Initially the volume of water present in the cylinder is $ \pi {{\left( 12 \right)}^{2}}\left( 20 \right) $ because the radius of the cylinder is given as $ 12cm $ and the height of the water in the cylinder is given as $ 20cm $ .
After dropping the spherical iron ball the height of the water is raised by $ 6.75cm $ . Hence the volume of the water present in the cylinder after this we will have $ \pi {{\left( 12 \right)}^{2}}\left( 12+6.75 \right) $ .

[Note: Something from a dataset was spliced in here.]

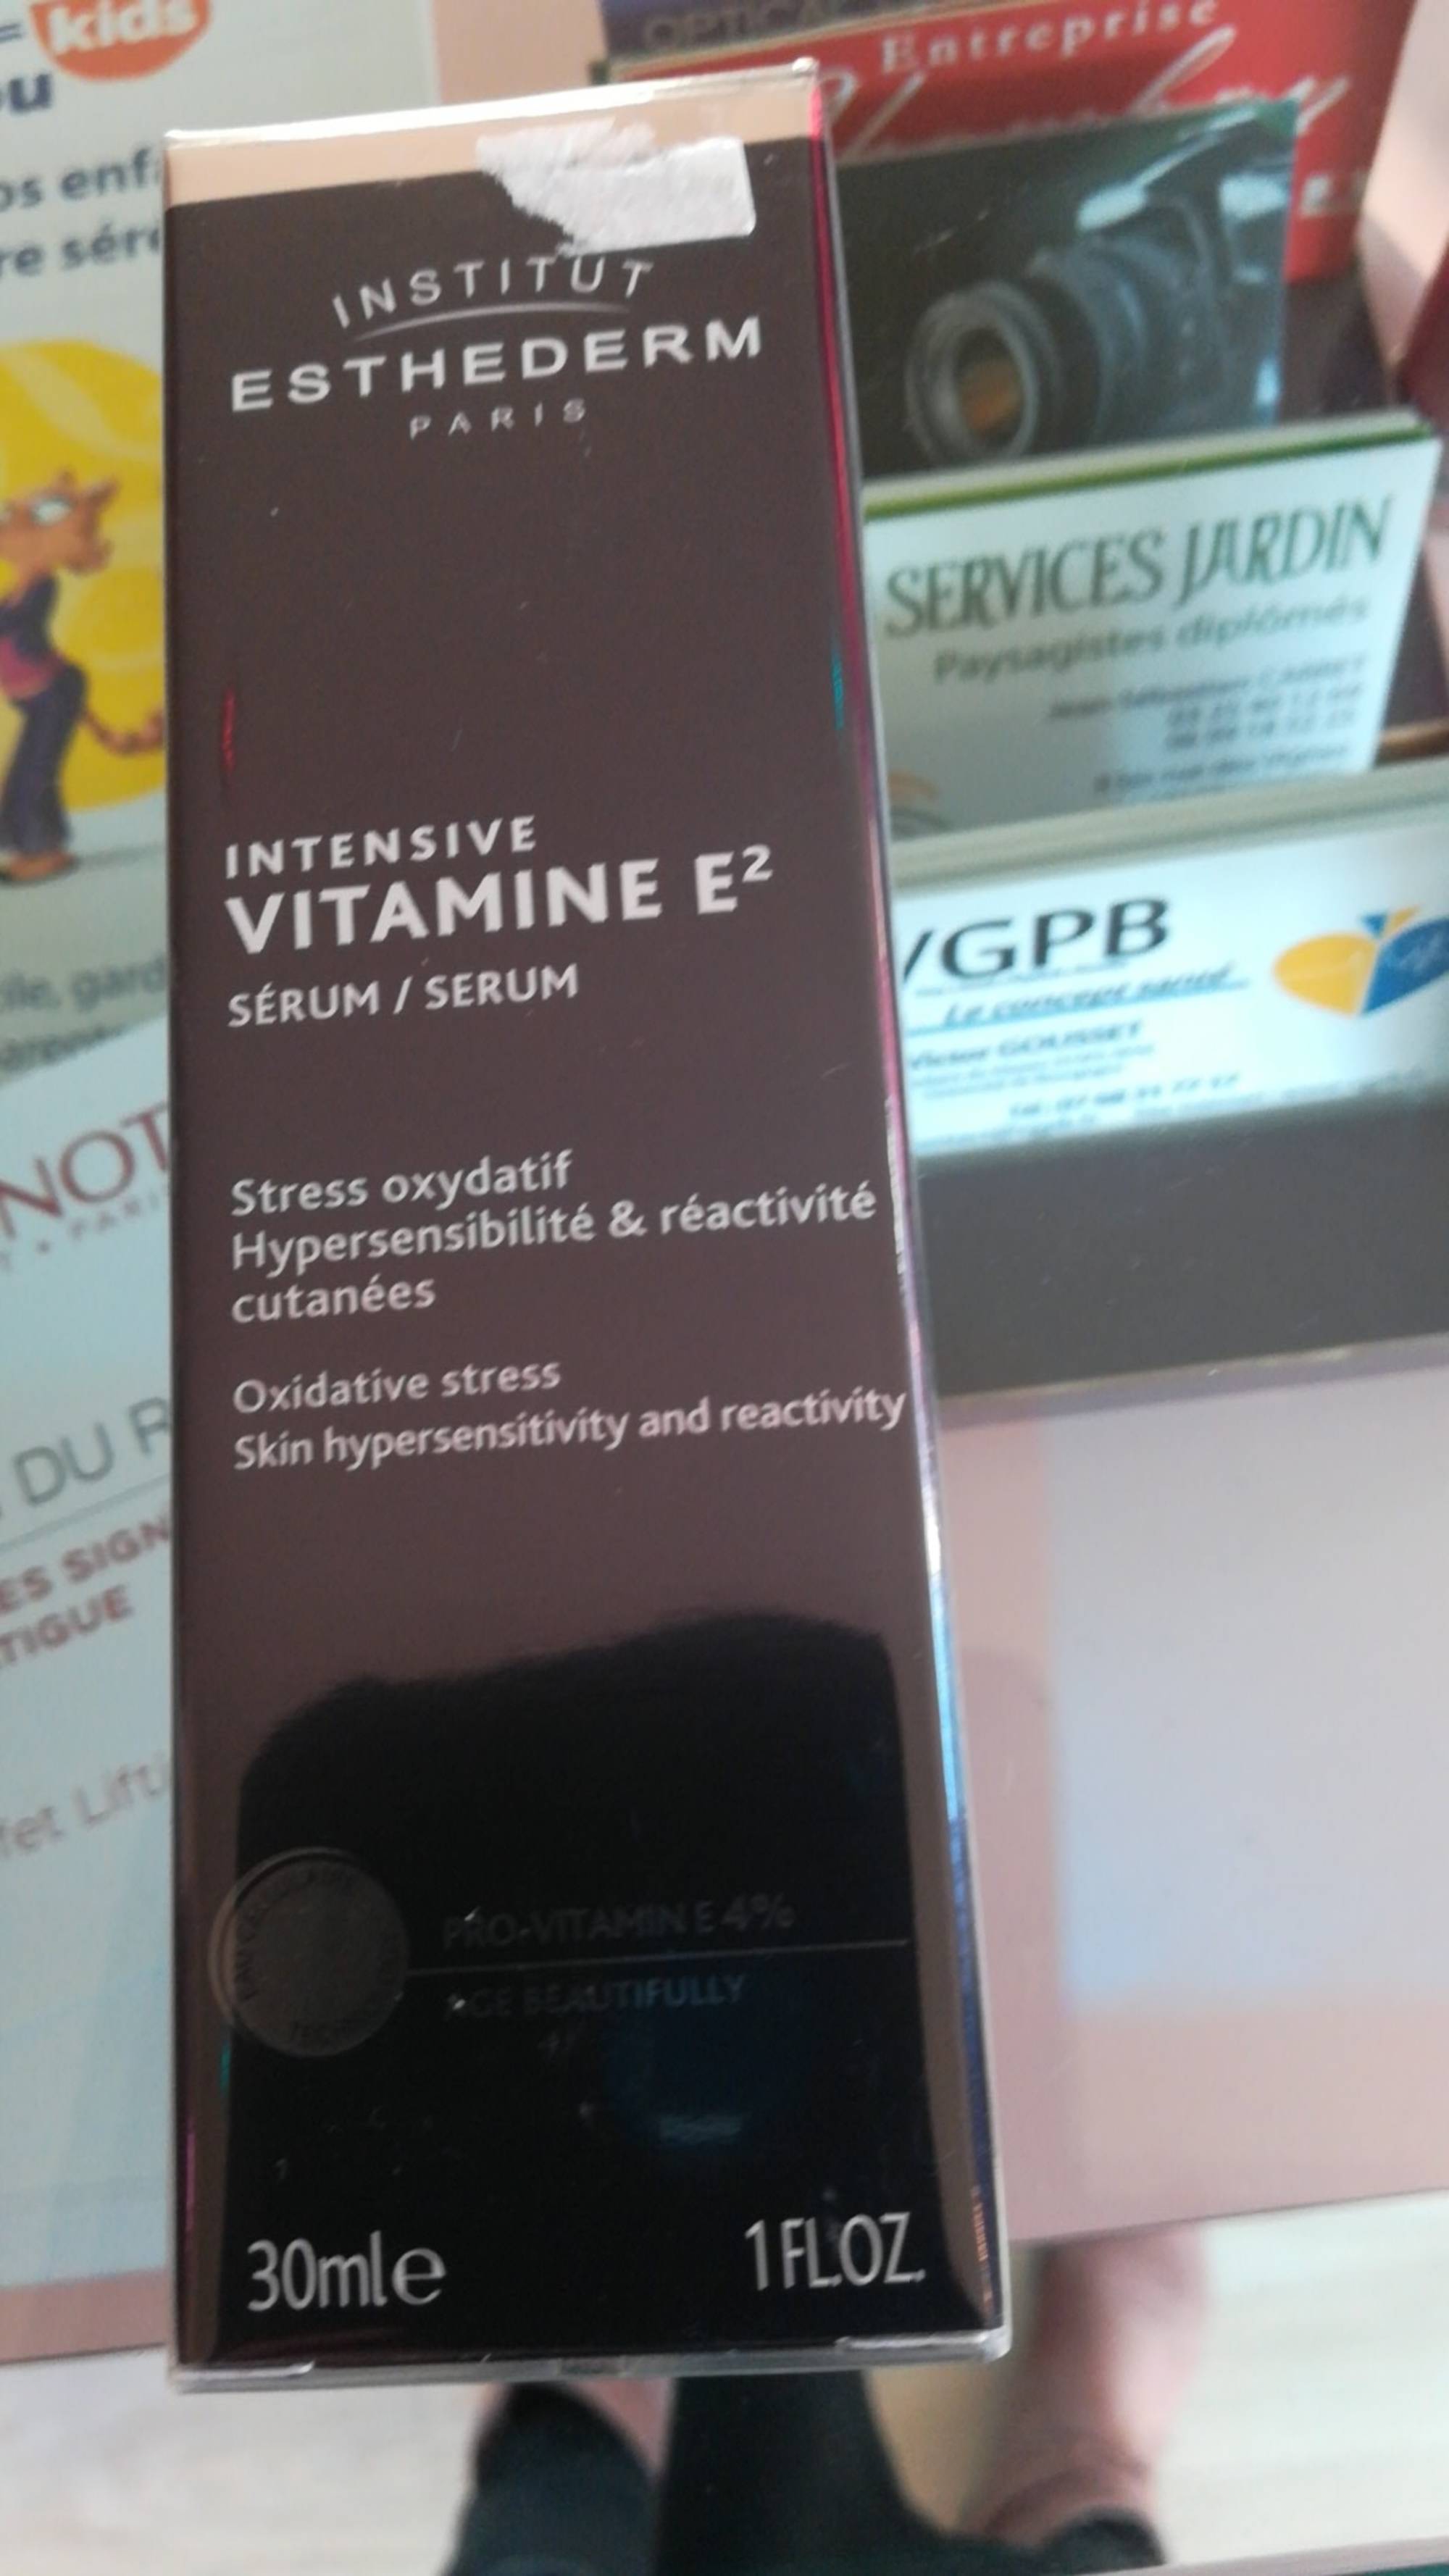 INSTITUT ESTHEDERM - Vitamine E2 - Intensive sérum

Hence the volume of water raised in the cylinder is $ \pi {{\left( 12 \right)}^{2}}\left( 6.75 \right) $ which will be equal to the volume of the spherical iron ball dropped is $ \dfrac{4}{3}\pi r_{1}^{3} $ . Mathematically it can be given as

$ \begin{align}
  & \dfrac{4}{3}\pi r_{1}^{3}=\pi {{\left( 12 \right)}^{2}}\left( 6.75 \right) \\
 & \Rightarrow \dfrac{4}{3}r_{1}^{3}={{\left( 12 \right)}^{2}}\left( 6.75 \right) \\
 & \Rightarrow r_{1}^{3}={{\left( 12 \right)}^{2}}\left( \dfrac{675}{100} \right)\left( \dfrac{3}{4} \right) \\
\end{align} $
Now by further simplifying this we will have
 $ \begin{align}
  & \Rightarrow r_{1}^{3}={{\left( 12 \right)}^{2}}\left( \dfrac{675}{100} \right)\left( \dfrac{3}{4} \right) \\
 & \Rightarrow r_{1}^{3}=\left( {{3}^{2}}\times {{4}^{2}} \right)\left( {{5}^{2}}\times {{3}^{3}} \right)3\left( \dfrac{1}{{{5}^{2}}\times {{2}^{2}}\times 4} \right) \\
 & \Rightarrow r_{1}^{3}={{3}^{3}}\times {{3}^{3}} \\
 & \Rightarrow {{r}_{1}}=9cm \\
\end{align} $
Therefore we can conclude that the radius of the spherical iron ball is $ 9cm $ .
Note:
 While answering questions of this type we should be sure with our calculations. We should be aware of Archimedes’ principle, when the spherical iron ball is dropped into the cylinder the volume of the water raised will be equal to the volume of the spherical iron ball. The volume of the sphere is given by the formulae $ \dfrac{4}{3}\pi {{r}^{3}} $ . The volume of the cylinder is given by the formulae $ \pi {{r}^{2}}h $ .